Oxford. What a strange, little city. But it is also a city that I have had the honour of calling home since October last year. In between the busy patches of Oxford life, I find myself thinking about what this city means to me. Anyone who knows me would know that I have a fascination with places and their meaning (see: my A-Level English Literature coursework, where I waxed lyrical about the importance of places in immigration fiction for nearly 3000 unfortunate words). This means I’ve had many thoughts on the ideas represented by such a highly romanticised and cinematically beautiful city like Oxford. Thus, I present to you, in what will hopefully be less than 3000 words, how I find Oxford to stand for one principal abstraction: distance.

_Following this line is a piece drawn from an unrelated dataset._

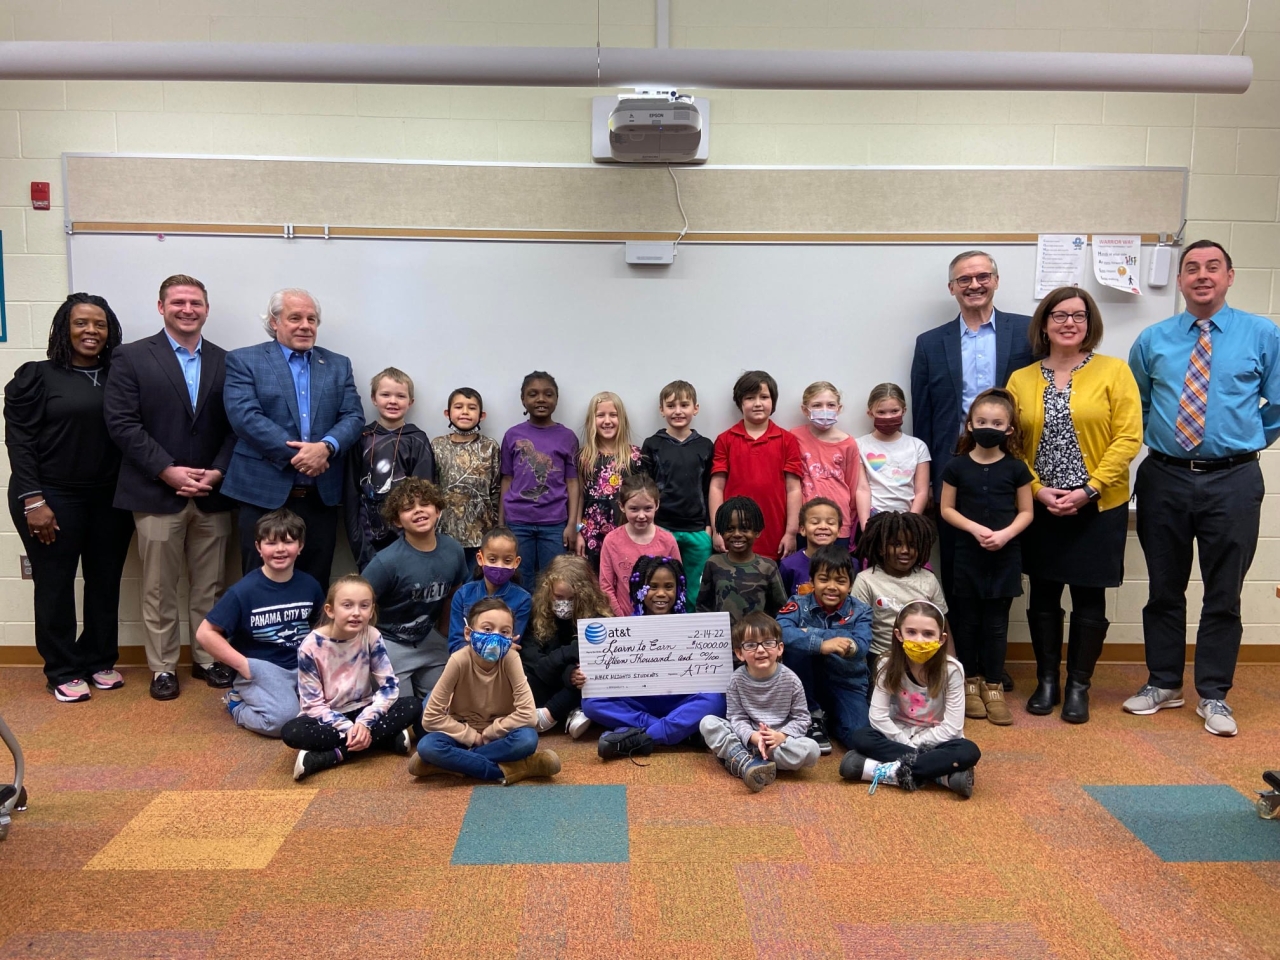 State Representative Phil Plummer presented a $15,000 grant with AT&T Foundation to support summer learning programs at Rushmore Elementary School.

The so-called ‘Oxford bubble’ has been likely thought about by anyone who’s had the privilege of studying here. From the tight-knit college community, to the exclusive and all-consuming Oxford lingo, it’s easy for life to condense into a 500m radius. You wouldn’t believe, after eight weeks at this university, that life exists beyond the SU, Union hacks, collections, bops, formals, and Park End. As one of my friends from home reminded me the other day, “The word JCR means nothing to me.” It is all indeed quite abnormal and distant from the real world.
Is there a benefit to this? The intensive immersion of the University of Oxford demands of its participants a focus and commitment of unique rigour. Writer Hilaire Belloc said of Oxford that “there are few greater temptations on earth than to stay permanently at Oxford in meditation, and to read all the books in the Bodleian.” Whilst I would not go as far as to describe my law degree as akin to meditation, I can understand the appeal. There is a mysterious beauty to dedicating oneself purely to the pursuit of academia, intellectual understanding, and questions of infinite existentialism. In a city like Oxford, with its aesthetic beauty, numerous libraries, and insular quality making it so distant from the outside world, it can indeed be a haven for learning and study of the subjects we all professed to love so much in our personal statements. Maybe the distance isn’t all so bad.
However, this feels to be a very narrow take on the Oxford experience. With the numerous mental health struggles that come with studying at this university, alongside the high cost of living, distance from the real world is a privilege afforded to very few. The dire state an essay crisis can leave you in is not quite as suited to Pinterest as the golden dreaming spires. The heavy workload can onset various health issues which fail to fit into the Romantic’s view of Oxford as a place purely for solitude, study, and escapism.
There’s also the matter of the political distance of Oxford from the real world. When moving here I was expecting, due to the proximity of Oxford to London and its role in producing key political actors, that I would feel more connected to politics than ever before. For such an avid follower of the news (and shamefully an avid X user too) I hoped coming to Oxford would allow me to immerse myself in politics even further. But what I have experienced is truly incongruent with this expectation.
As Matthew Parris described in his review of Chums by Simon Kuper, there appears to be a “smirking Oxford insinuation that politics is all just a game.” To me, and anyone interested in politics in a serious way, it is not and can never be a game if the body politic is to have any health. However, the attitude that political issues are a game or a purely theoretical exercise with absolutely no real-world consequences pervades the Oxford political culture. I have experienced this when meeting some students of PPE (which may be due more to the way the course is taught than the individuals themselves) as well as in the debates held by Oxford Union hacks. This attitude must come, at least in part, from distance. There is no denying (despite steps made to improve access) that the University remains deeply privileged in comparison to the rest of the country. For highly privileged individuals, it seems a natural jump in logic to treat politics as a realm filled with issues that simply do not affect you. Maybe I’m just looking in the wrong places or maybe this school of thought imposes itself on you even if you do not seek it within this city. Regardless, it seems distance from the outside world makes the political discourse at Oxford suffer for the worse.
The train journey away from Oxford at the start of the vac is bittersweet for me. It represents a departure from the world I’ve come to love: the friends I can call family and the degree that excites me just as much as it scares me. Yet it’s also a much-needed jolt back into the swing of the world around me: a reminder that the outside world continues on during those eight weeks without a single care for the insular Oxford experience. I’m reminded of this quote from Babel, a beautiful book by R.F. Kuang. It relates an old and fantastical version of Oxford that also captures the feelings of many contemporary Oxford students. She writes of the characters that
They became what they’d aspired to be since their first year – aloof, brilliant, and fatigued to the bone. They were miserable. They slept and ate too little, read too much, and fell completely out of touch with matters outside Oxford or Babel. They ignored the life of the world; they lived only the life of the mind. They adored it.
My love for this city will always be punctured by the pain of its harmful distance and, in the end, these two conflicting emotions are forced to coincide within me: such is the inherently contradictory nature of this university.